Given information:

-------------------------

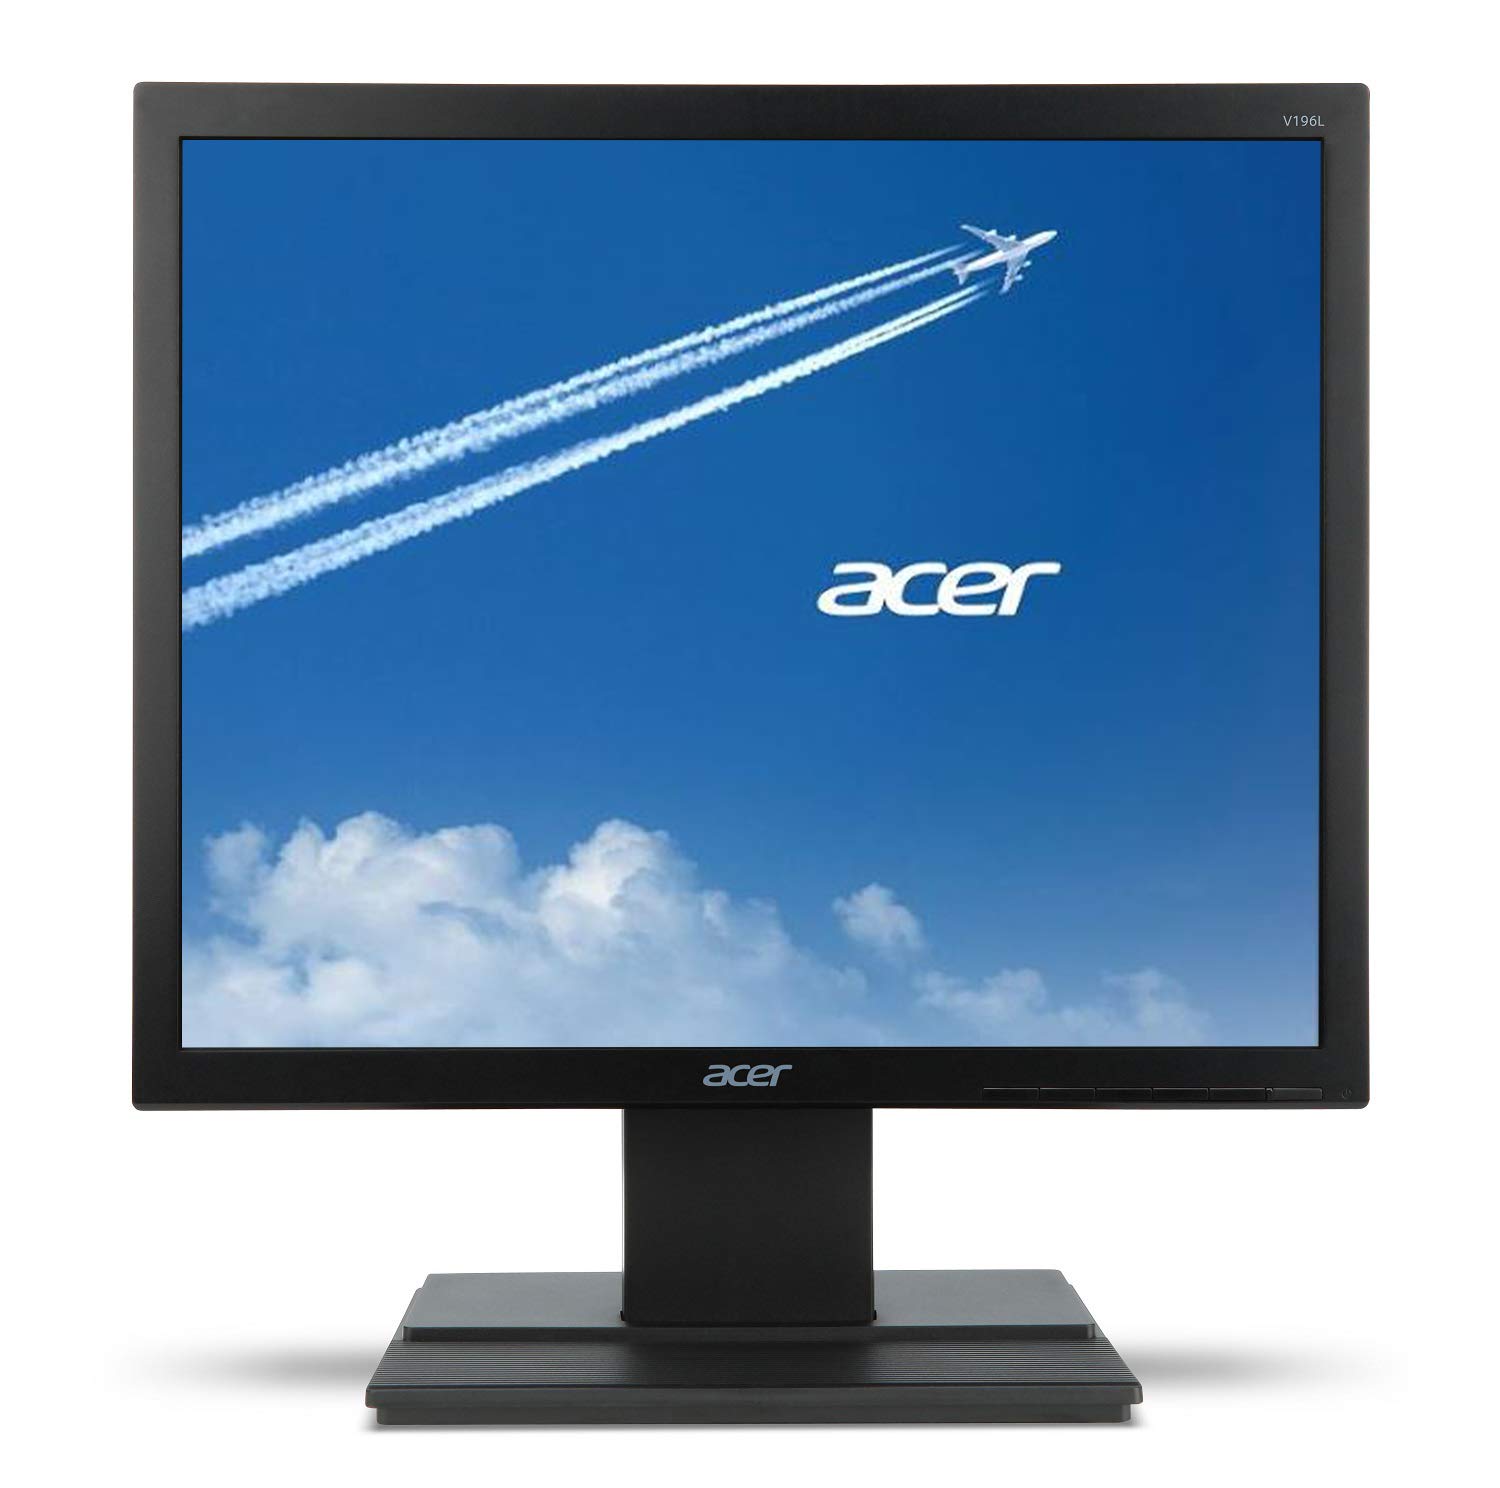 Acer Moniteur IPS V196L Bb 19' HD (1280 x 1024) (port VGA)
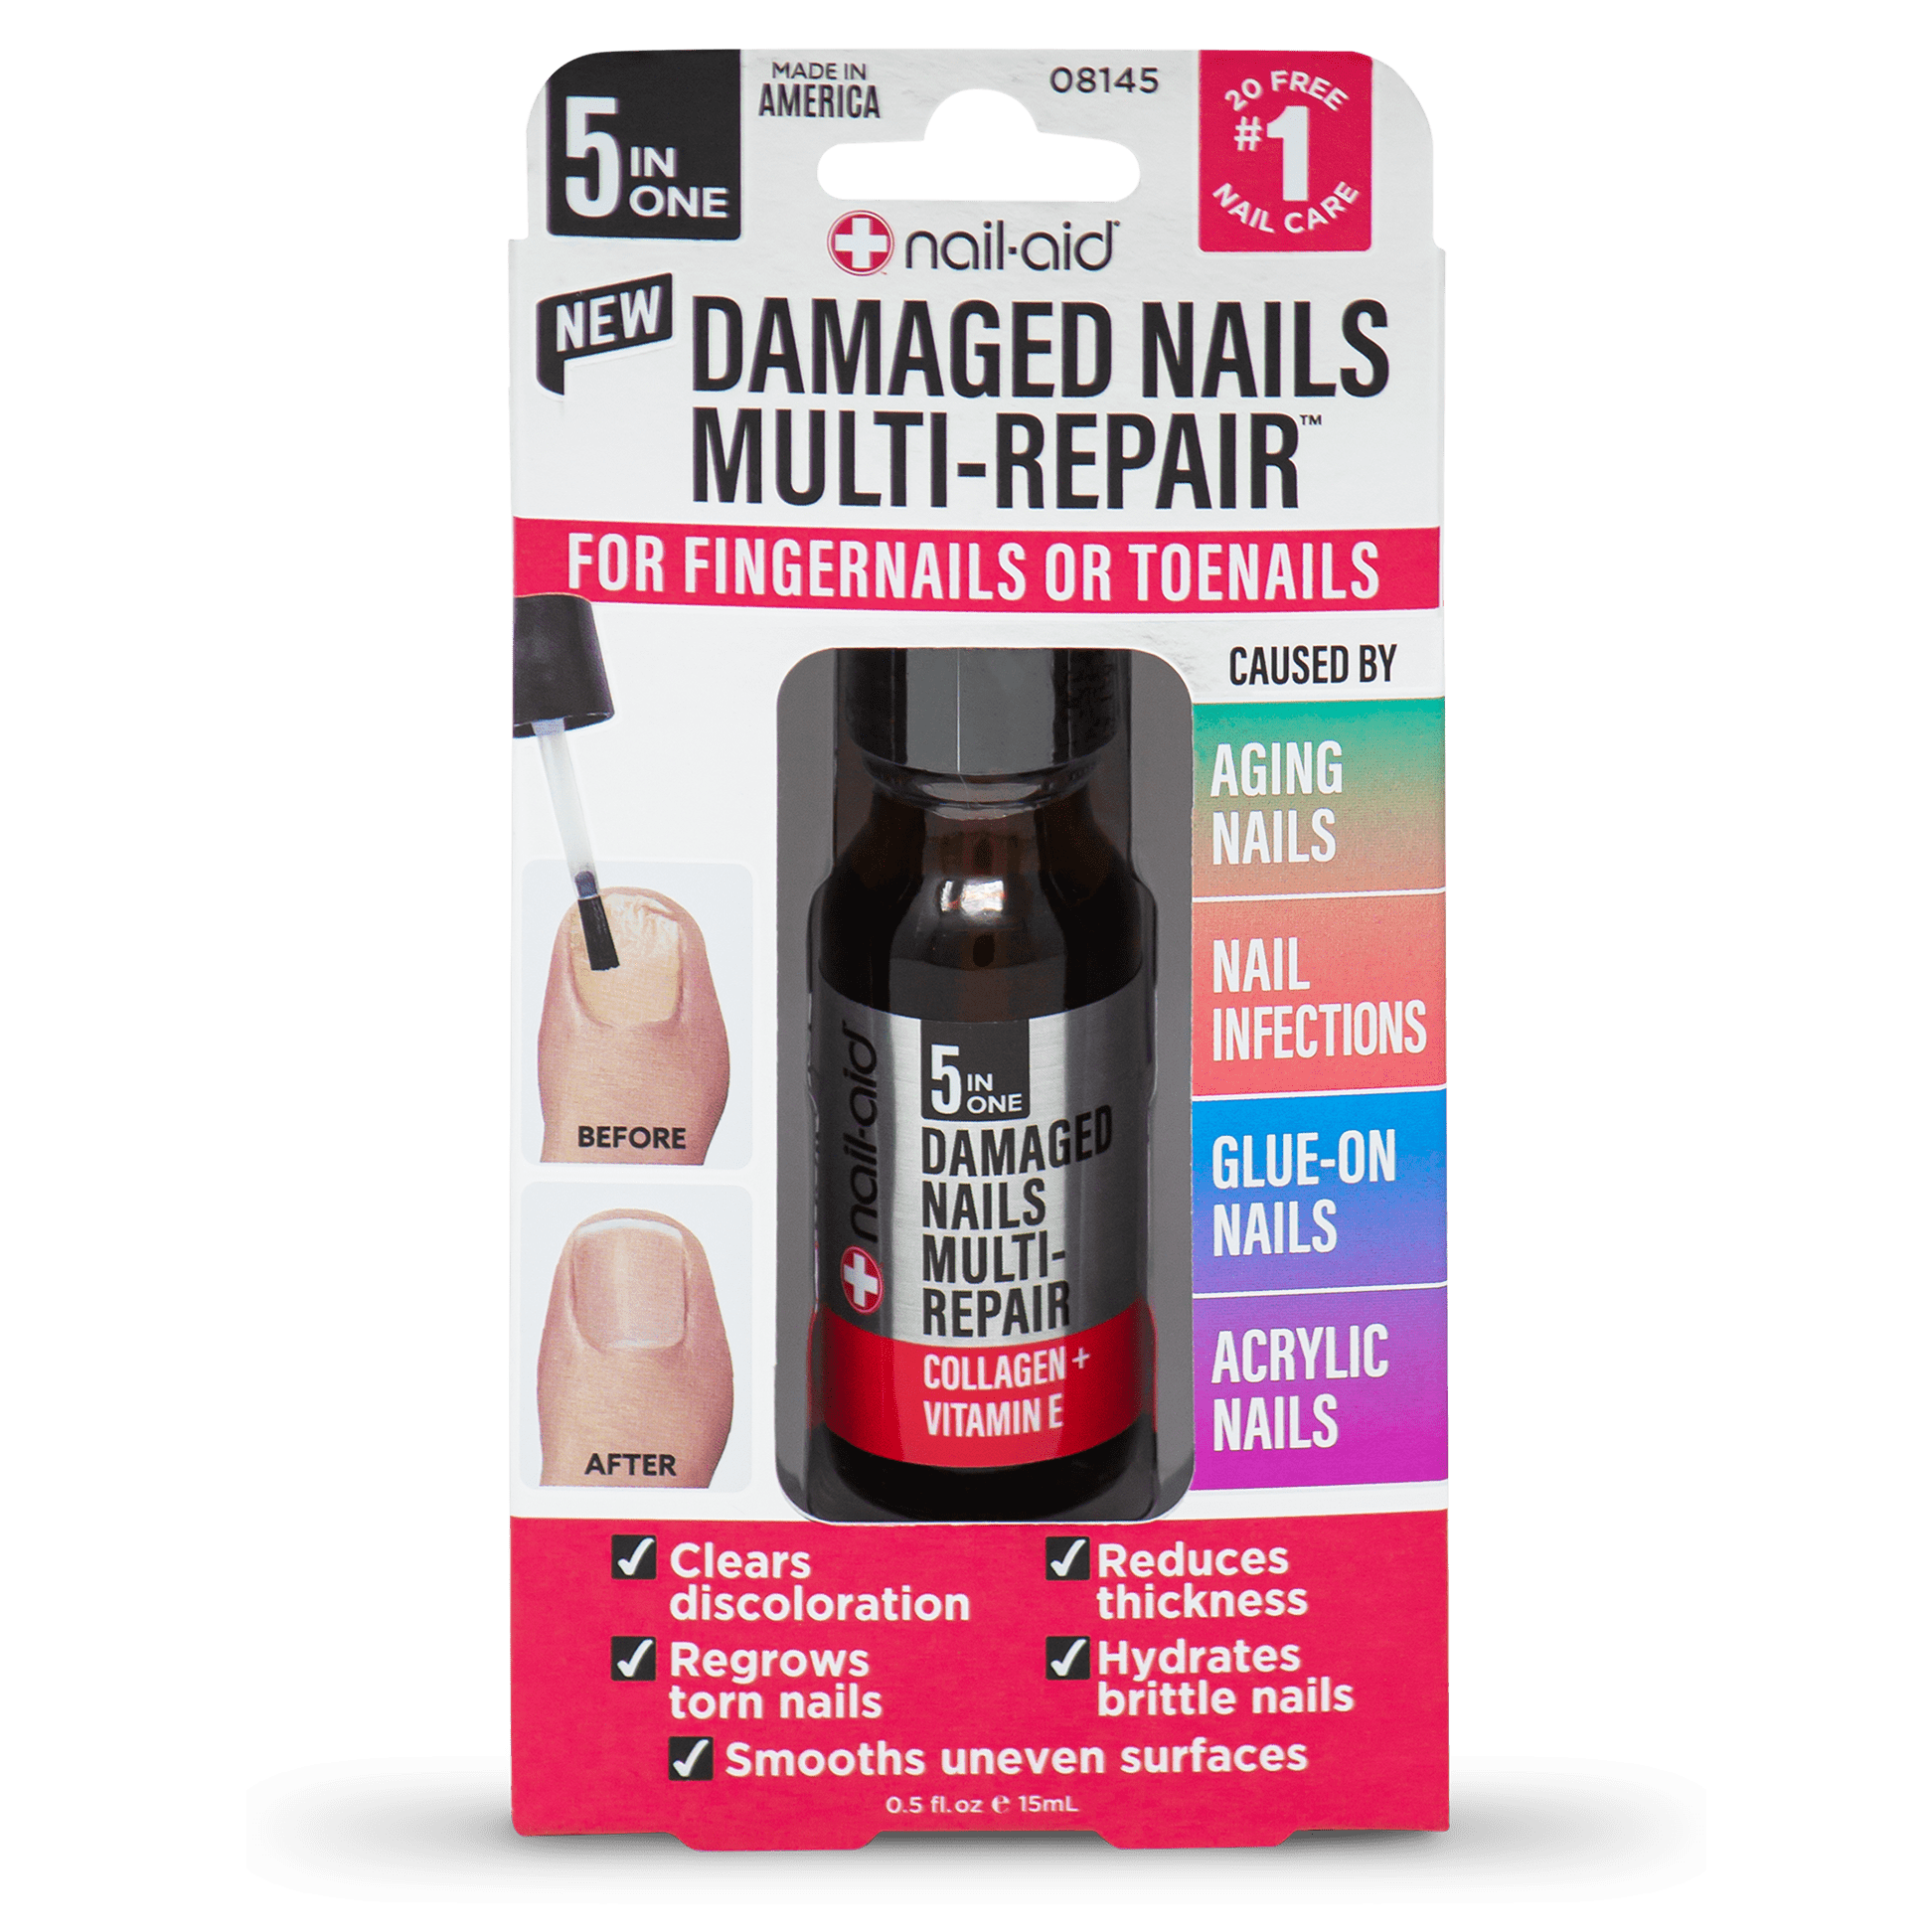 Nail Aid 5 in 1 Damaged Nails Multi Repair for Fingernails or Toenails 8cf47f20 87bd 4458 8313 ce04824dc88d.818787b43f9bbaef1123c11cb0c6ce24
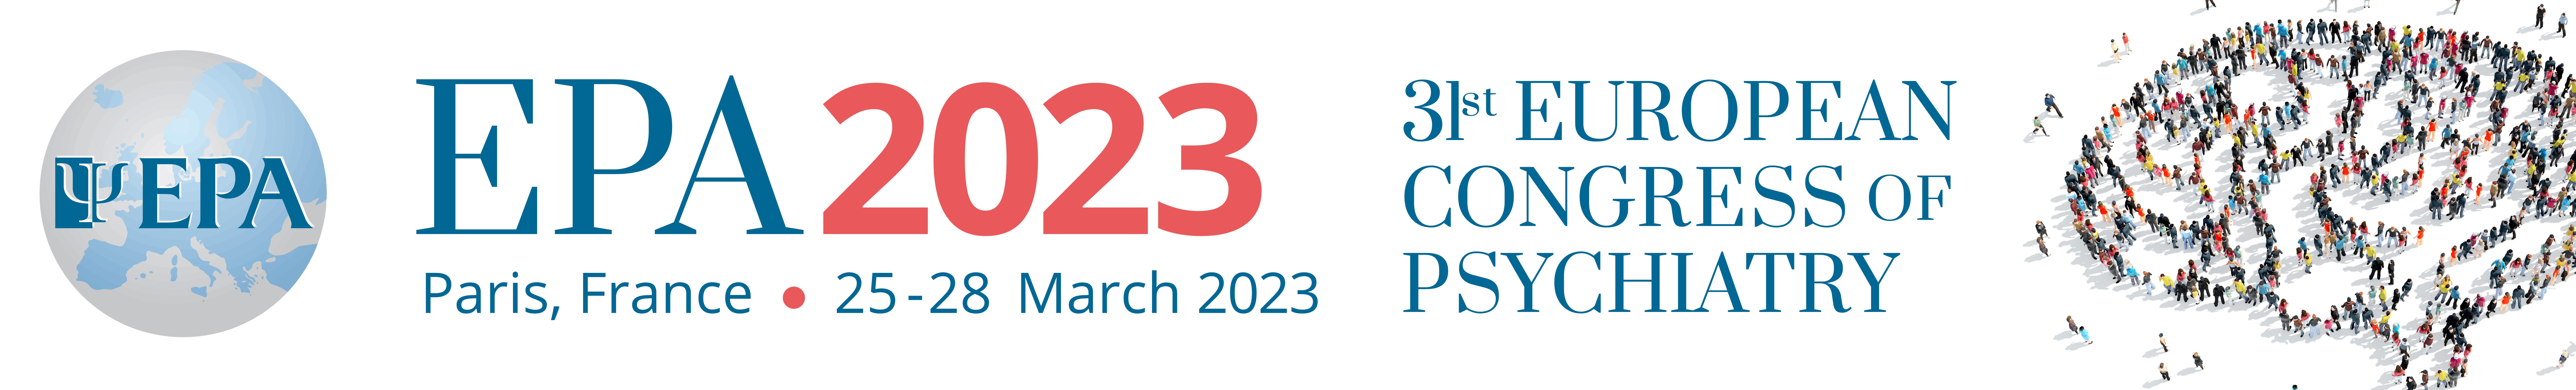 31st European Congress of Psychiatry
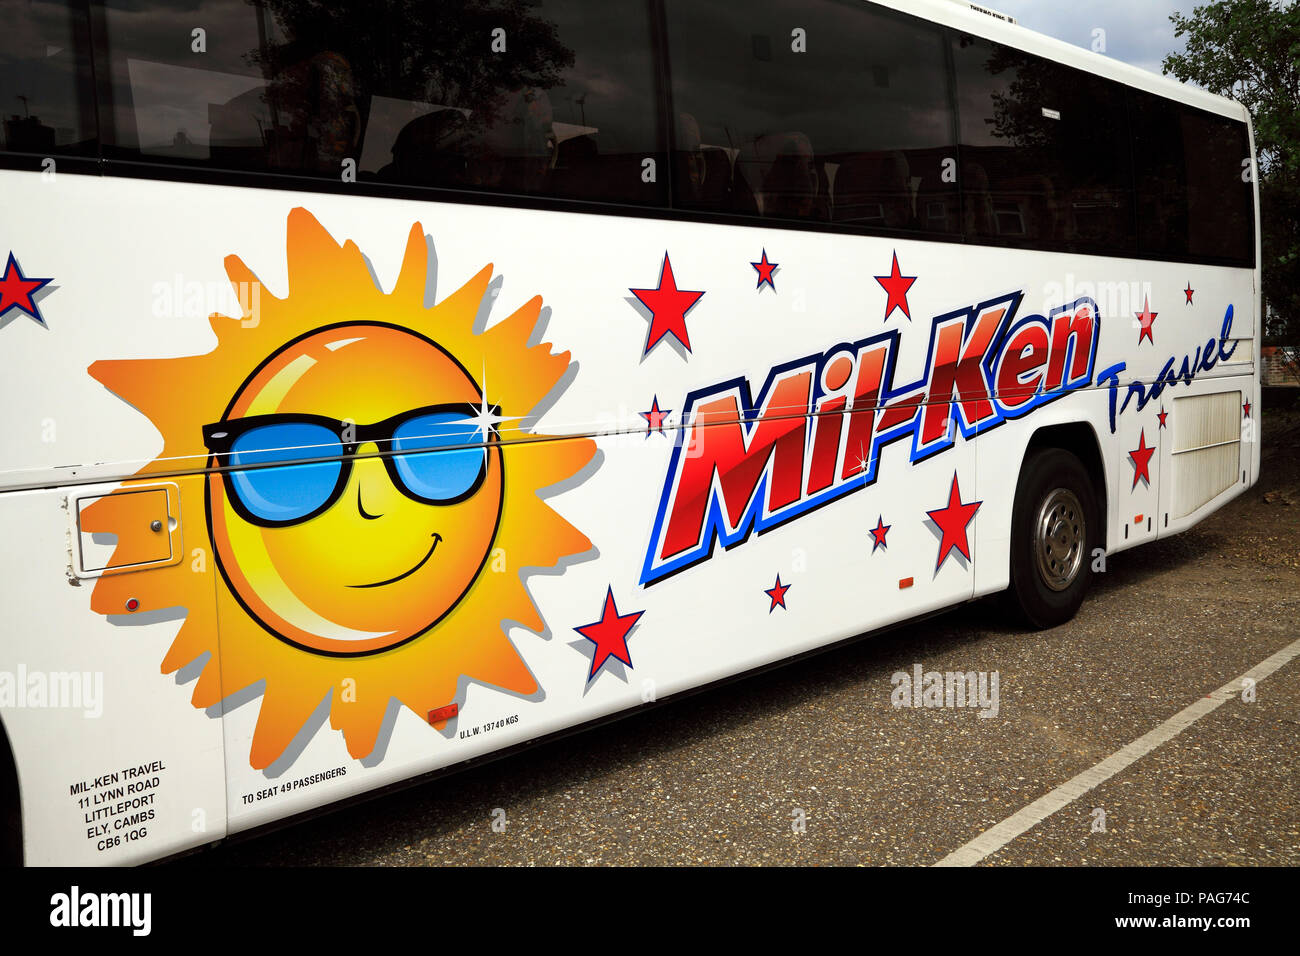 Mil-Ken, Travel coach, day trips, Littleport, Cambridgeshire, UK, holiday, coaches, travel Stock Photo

-------------------------

What is expected: An exact, word-for-word version of the material is required, free of pictures.

Result of this exercise:
 Acer Moniteur IPS V196L Bb 19' HD (1280 x 1024) (port VGA)
 Nail Aid 5 in 1 Damaged Nails Multi Repair for Fingernails or Toenails 8cf47f20 87bd 4458 8313 ce04824dc88d.818787b43f9bbaef1123c11cb0c6ce24
 31st European Congress of Psychiatry
 Mil-Ken, Travel coach, day trips, Littleport, Cambridgeshire, UK, holiday, coaches, travel Stock Photo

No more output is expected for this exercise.